Fourth, the effects of the modifiable areal unit problem (MAUP) on environmental drivers of SCH were quantified. Five spatial supports of increasing size were used. All covariates were brought to the same spatial support of analysis (SSA). Differences between individual-level parameter estimates from the models at five increasing SSAs were quantified and compared. Increasing the SSA to 500 m gradually increased the parameter estimates and their associated uncertainties. Abrupt changes in parameter estimates occurred at SSA = 1 km, resulting in loss of significance of almost all covariates on SCH prevalence. These results suggest the use of an adequate spatial data structure to provide more reliable parameter estimates and a realistic relationship between the risk factors and SCH prevalence.
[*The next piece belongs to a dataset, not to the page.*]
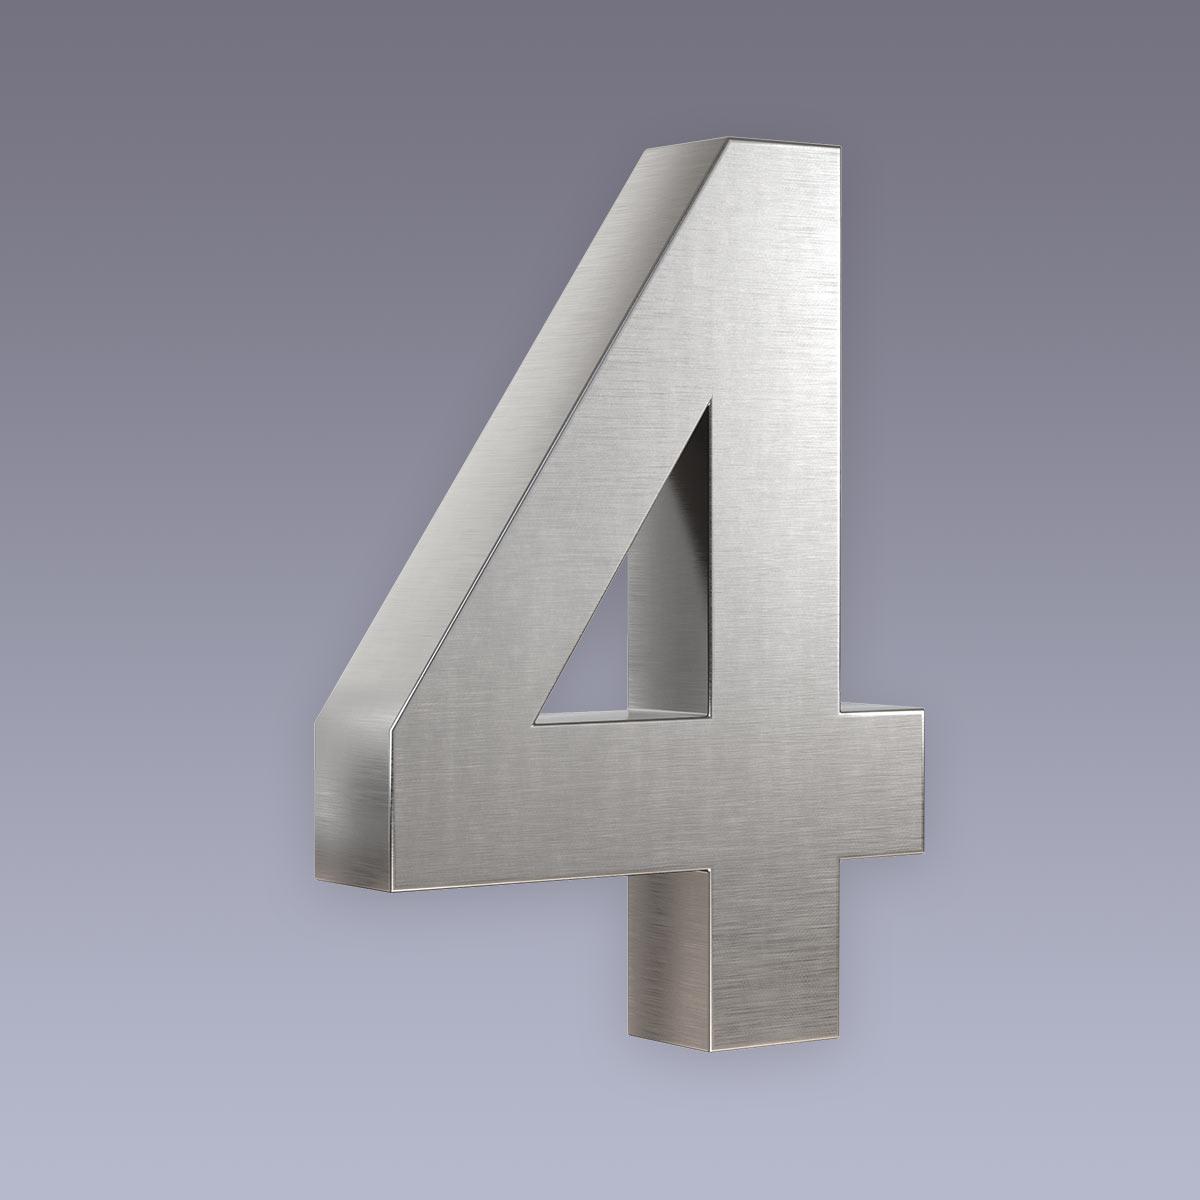 3D Hausnummer 4 Edelstahl in 3D Design Arial V2A

To summarize, the research presented in this dissertation investigates methods to deal with uncertainties derived from the use of earth observation data in SCH modelling. It uses Bayesian statistics for uncertainty quantification and highlights implications of uncertainty interpretation in the public health domain. Such implications aim to enable best practice in survey design and improve the identification of populations at-risk, and quantification of people in need of anthelmintic treatment. This research thus presents a framework for the future development of spatial decision support systems for SCH surveillance and control.